When I read this piece, I can feel my heart ache. I can still remember the excruciating pain that I felt. But before I begin, I want to clarify what I meant by “free and finally experience true happiness”. I wasn’t talking about the butterflies, rainbows and flowers kind of happiness. I wasn’t imagining the happiness that I’ve finally found 6 years later. I was imagining the freedom and happiness of no longer being on the Earth. I was envisioning that day that I finally gave in and ended my life.

This pains me. I cannot believe that I was so hopeless at age 17. I hadn’t went to prom yet, I hadn’t graduated from high school yet. I hadn’t… I hadn’t…. I hadn’t.

But, in my mind, I had experienced enough. I didn’t think that things would ever get better.
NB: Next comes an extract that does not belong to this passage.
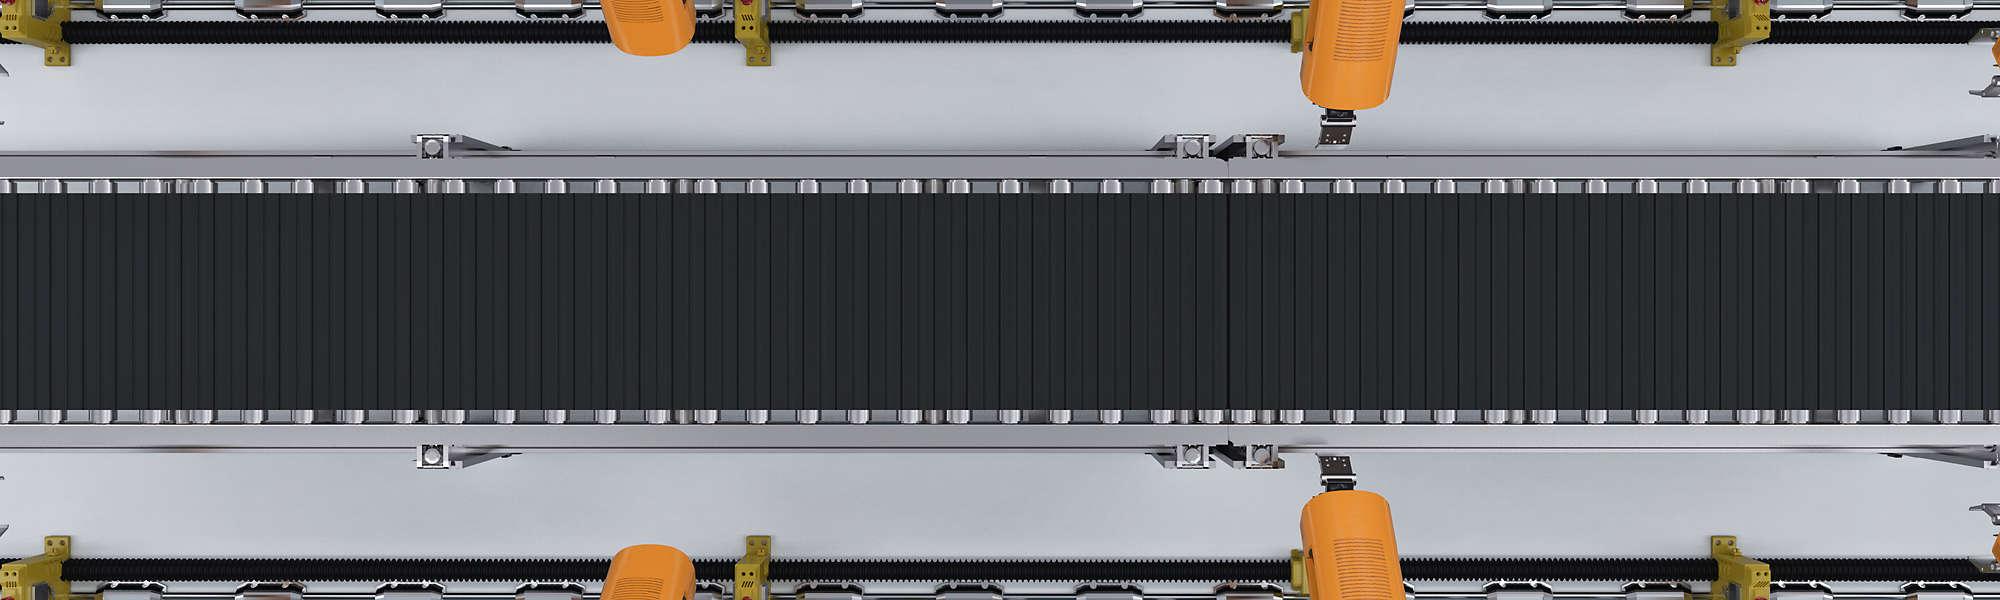 Robotic machine conveyor factory
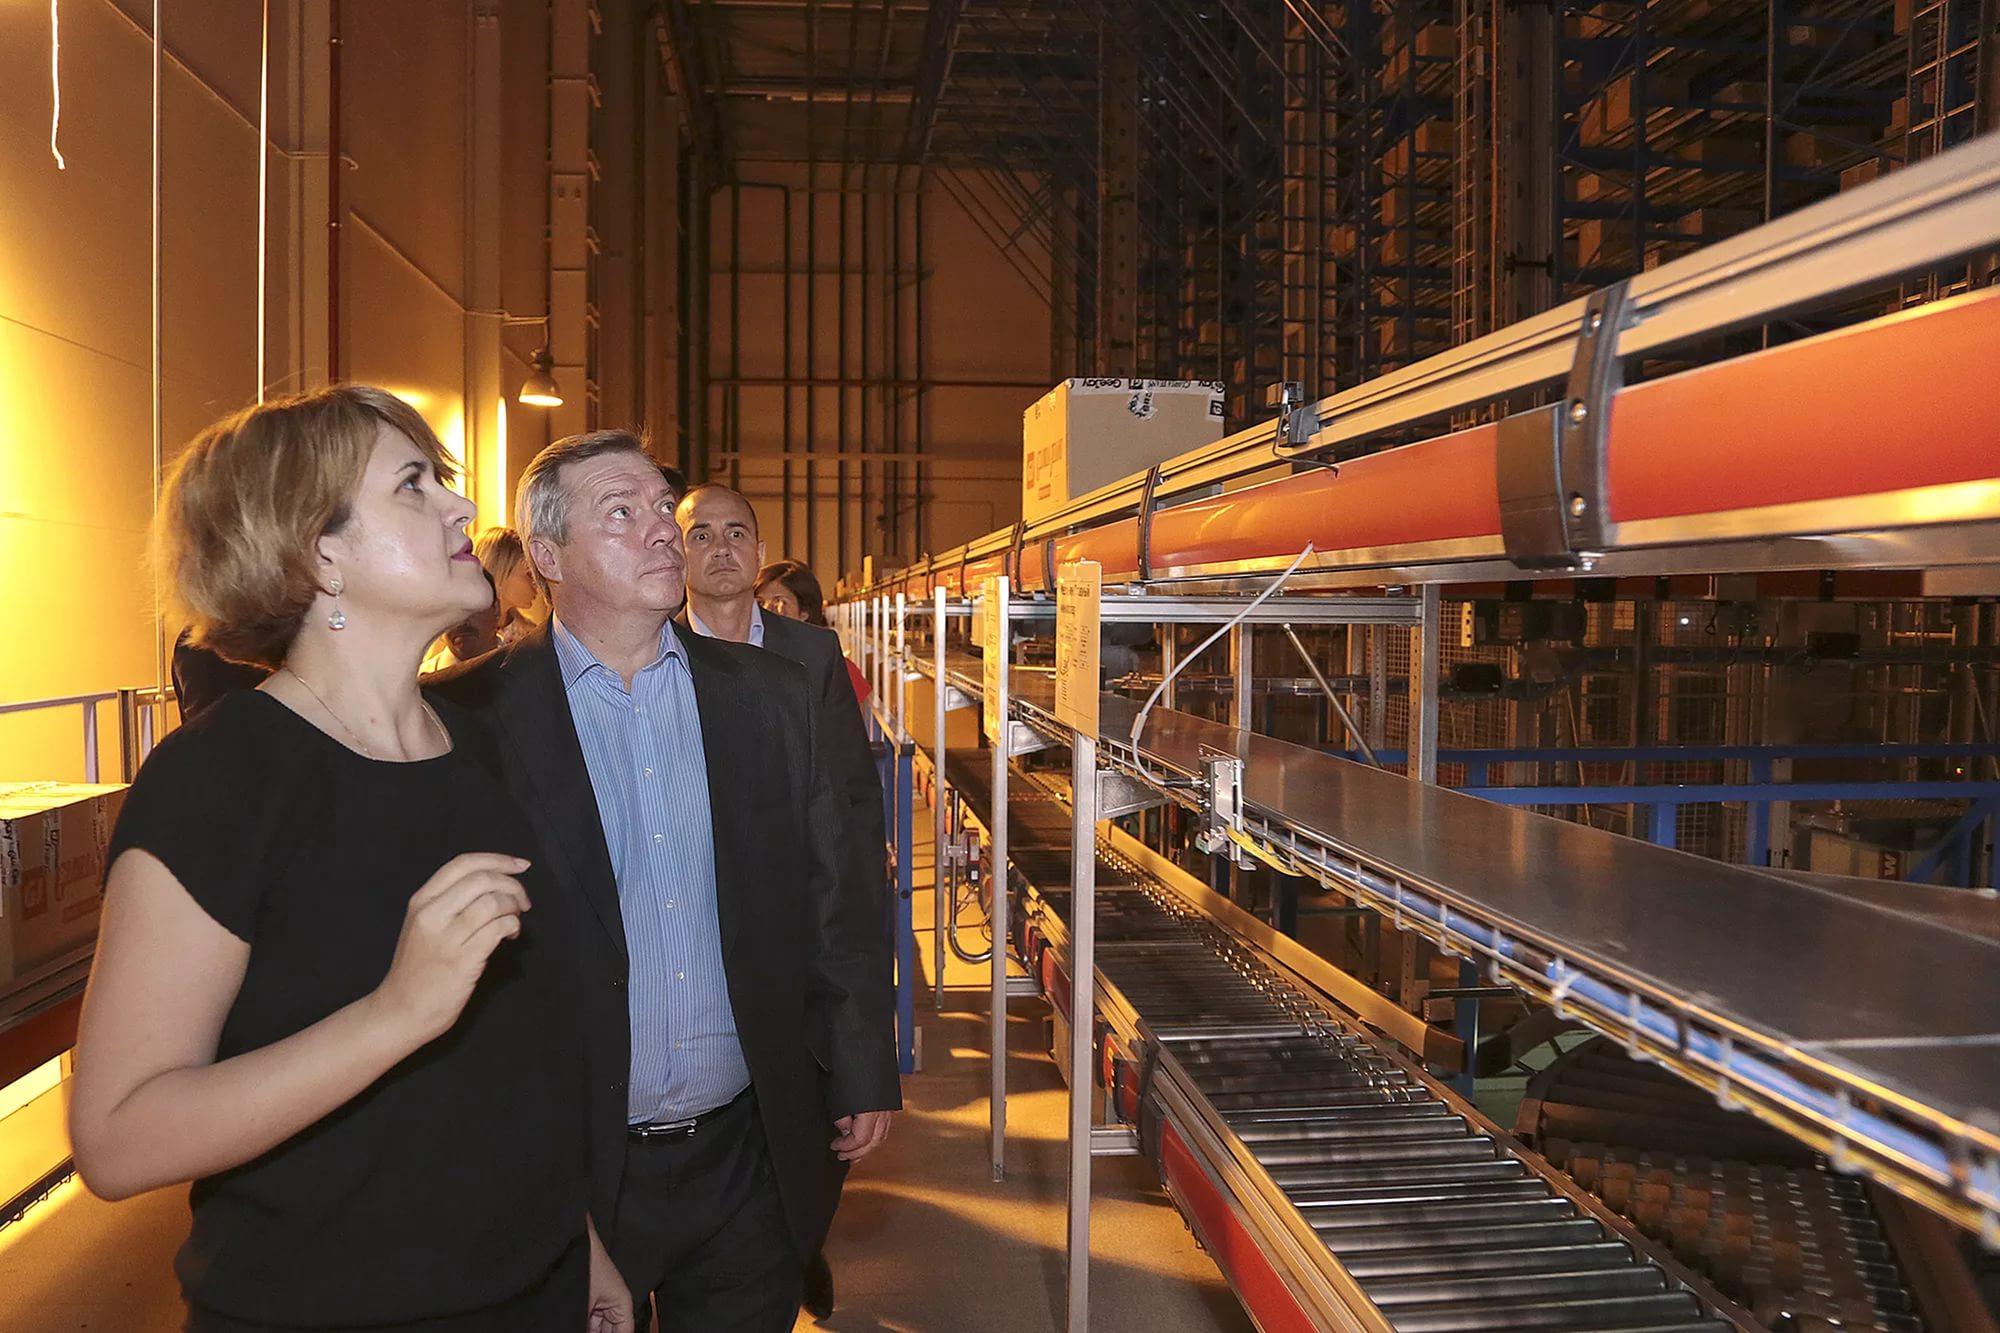 Встроительство центра «Глории Джинс» вШахтах вложат 20 млрд руб.

I had been struggling with anxiety for four years. I had developed bulimia nervosa. I began to self-harm. I had lost a friend to suicide. I had severe depression – not yet recognized by the outside world. I gave up thinking about true happiness as I was consumed by sadness and pain. My brain saw a tragic ending to my story and with that, came the happiness that I was so desperately seeking.

This is where I want to touch on the topic of teenage depression. As many of you know, teenagers are very susceptible to suicide. Why? Well, the teenage brain is not fully developed. They lack the development of the prefrontal cortex and executive function. This means that they struggle with decision making, staying rational and seeing beyond the intense emotions that they feel.. This helps explain why teenagers are impulsive and ‘emotional’. Teenagers often view their situation as ‘the end of the world’ because in their brain, they cannot see things ever getting better. This is not to minimize what they are going through. Their feelings are valid, but their interpretations of the duration of sadness and pain is exaggerated.

The reason that I touch on this topic is because I lived this. I had tunnel vision. I thought that the pain that I was feeling would last for the rest of my life. And, I couldn’t live like that. I thought that I would have to end my life in order to feel happiness.

But, no. We may feel as though things will never getting better… that we will always be sad. We will never get better. We will never get over heartbreak. We will never live without a cloud of despair. But, that just isn’t true. We can overcome, and we can thrive.

For any of you who feel like you cannot continue on, please know that there is so much support and love out there for you. I’m not saying that things will be easy and that there is a quick fix, but recovery and happiness is possible. You do not have to suffer alone. You do not have to go through your hardship by yourself. Please reach out and ask for help.

If I hadn’t reached out, I would not be here today. I would not have found a job that I love. I would not have experienced graduating from University, going to Prom, smiling at my reflection in the mirror, etc. I would not have met my best friends. I would not have seen the true beauty in living. I would have missed out on so much. Things are not over for you. Things are just beginning.

Keep on shining,

Emily

Left picture: Living on the edge until I finally gave in to my urges. 2011.

Right picture: Recovering and learning to be in love with the life that I have created. 2017.